Segment Start: Source data

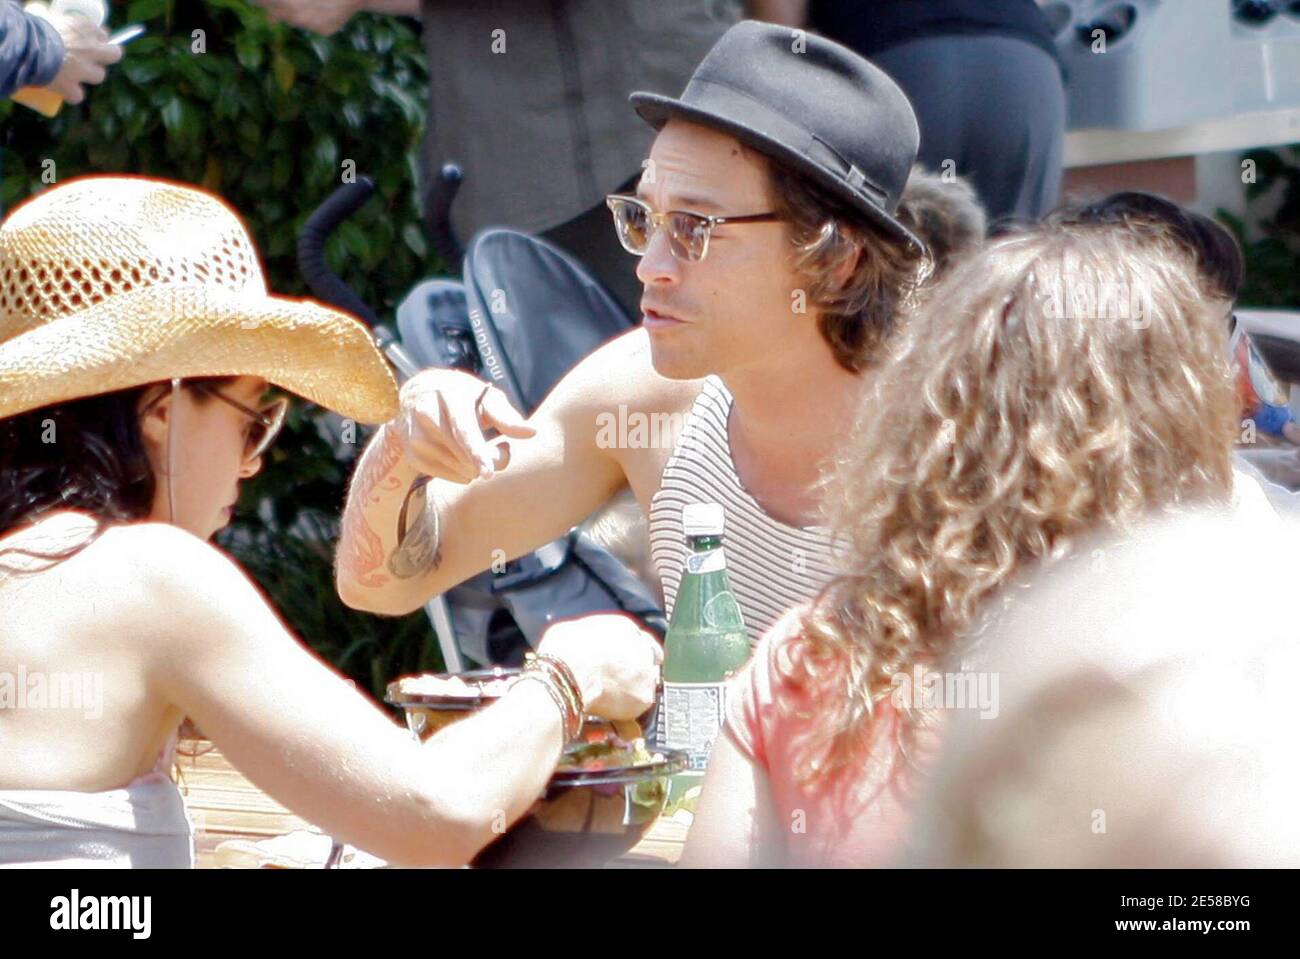 Exclusive!! Incubus lead singer Brandon Boyd has lunch in Malibu. Los Angeles, Calif. 7/6/07.   [[laj]] Stock Photo
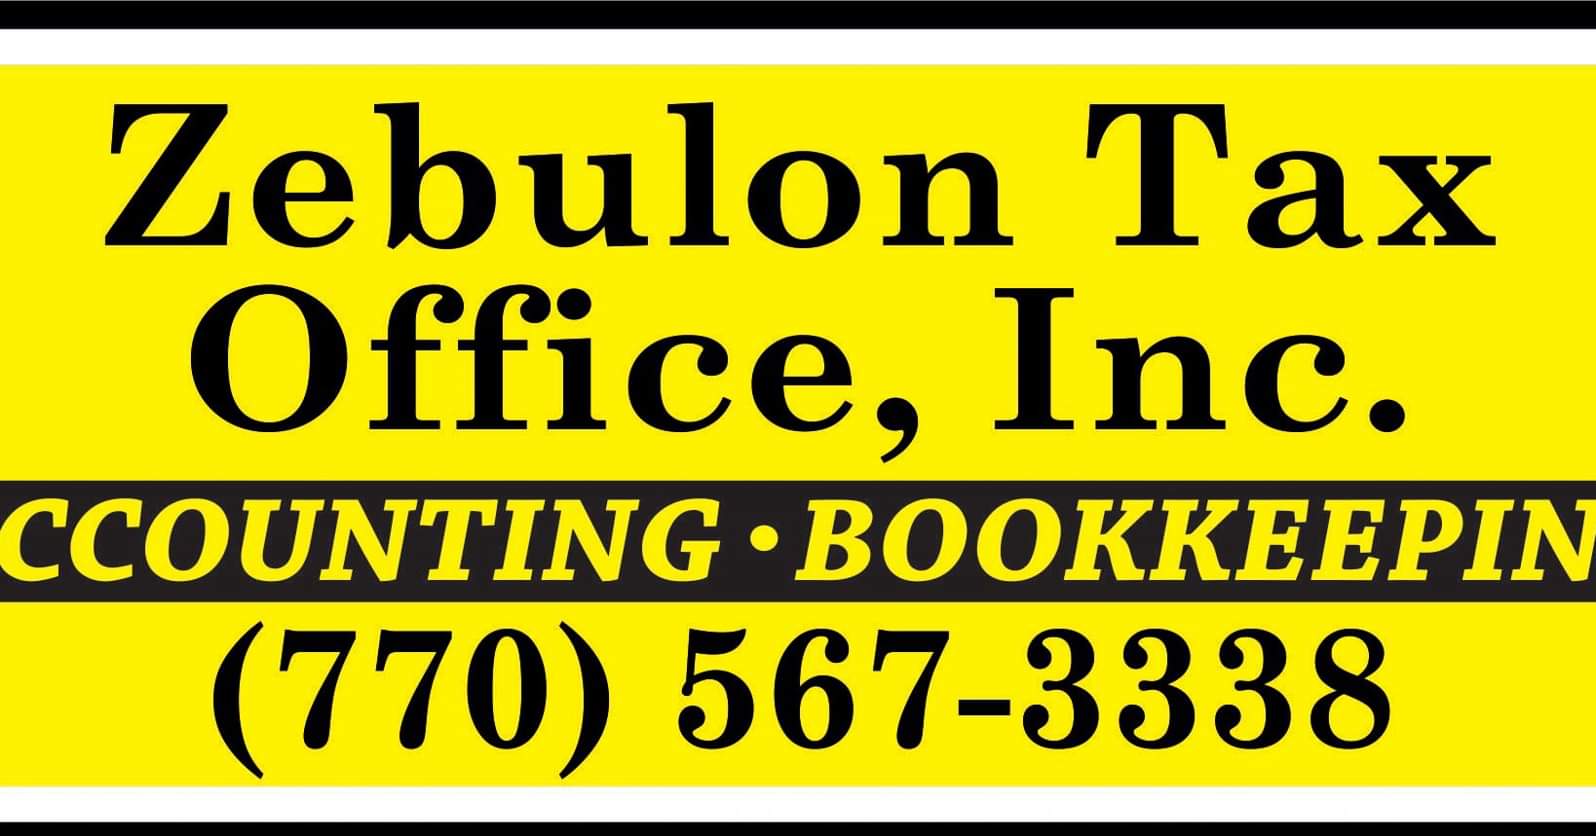 Zebulon Tax Office Inc
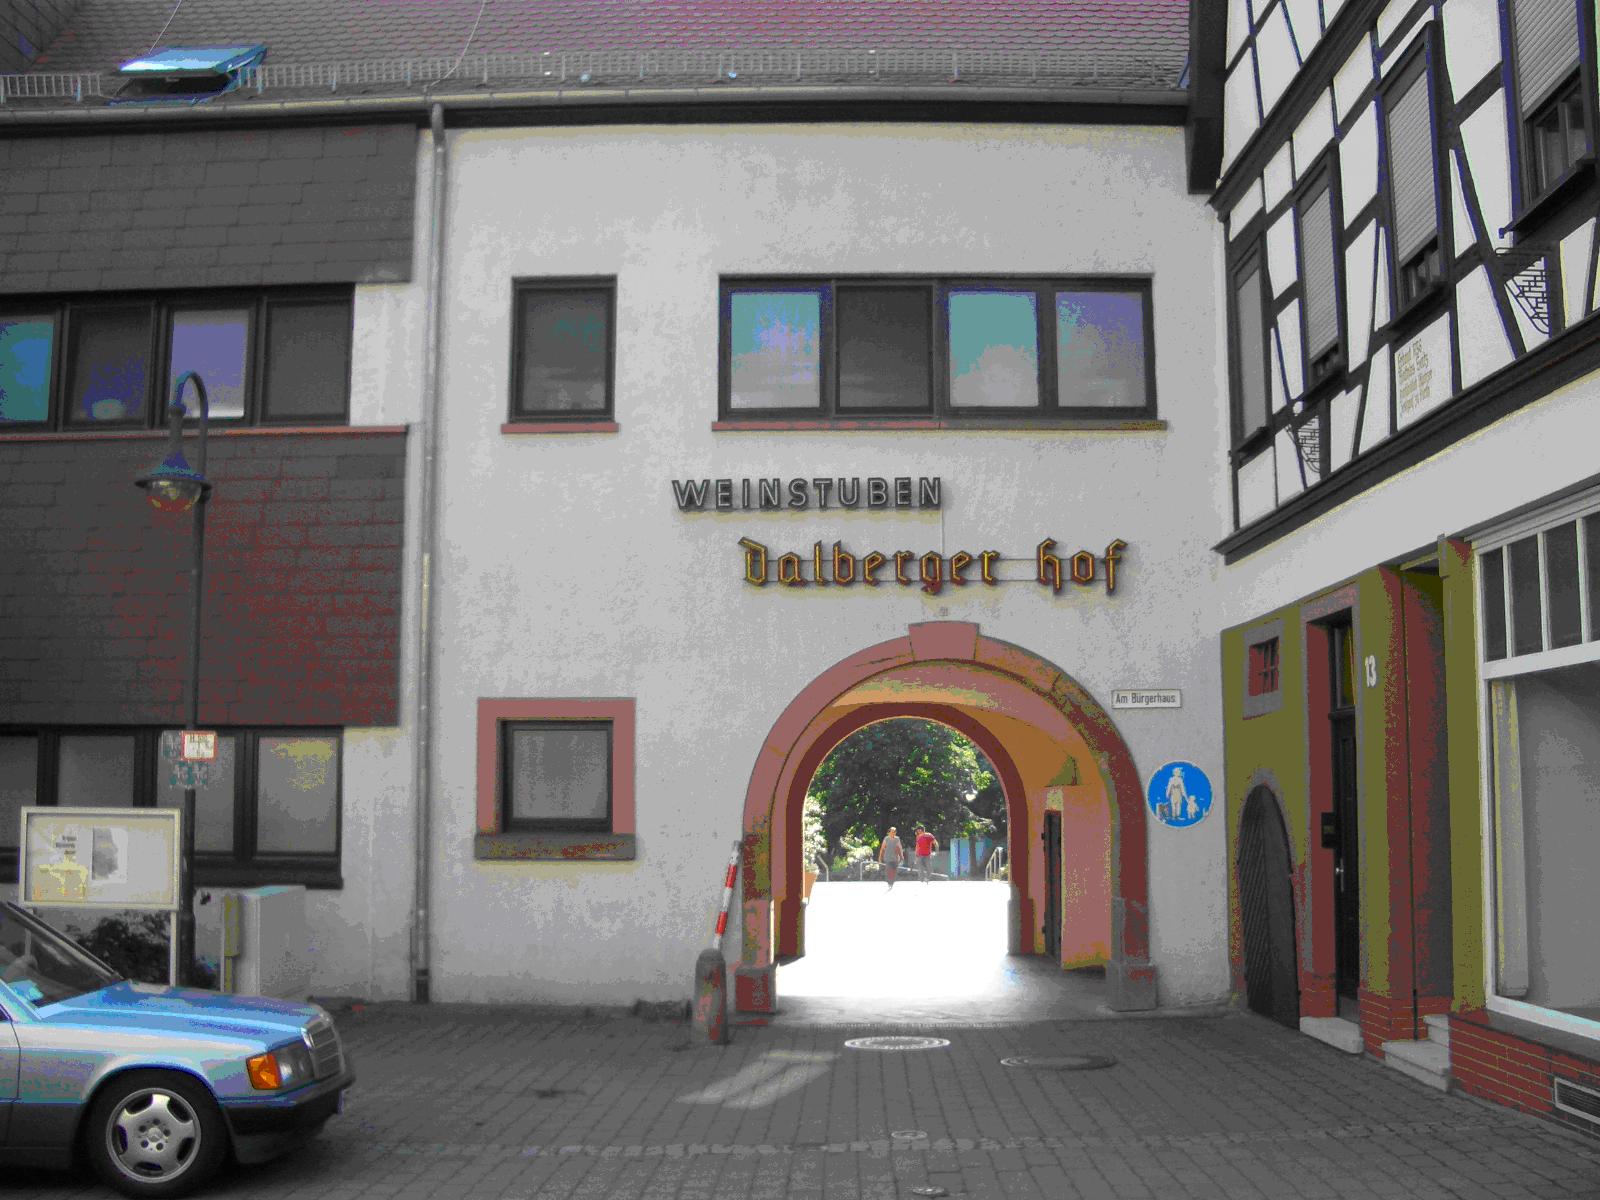 Ziele in der Innenstadt: Dalberger Hof

Segment End: Source data

## Exercise objective:
Please give again only those lines that run from the one containing "Zebulon Tax Office Inc" through the final line of the listing, both included, exactly as written and without pictures.

## Solution:
 Zebulon Tax Office Inc
 Ziele in der Innenstadt: Dalberger Hof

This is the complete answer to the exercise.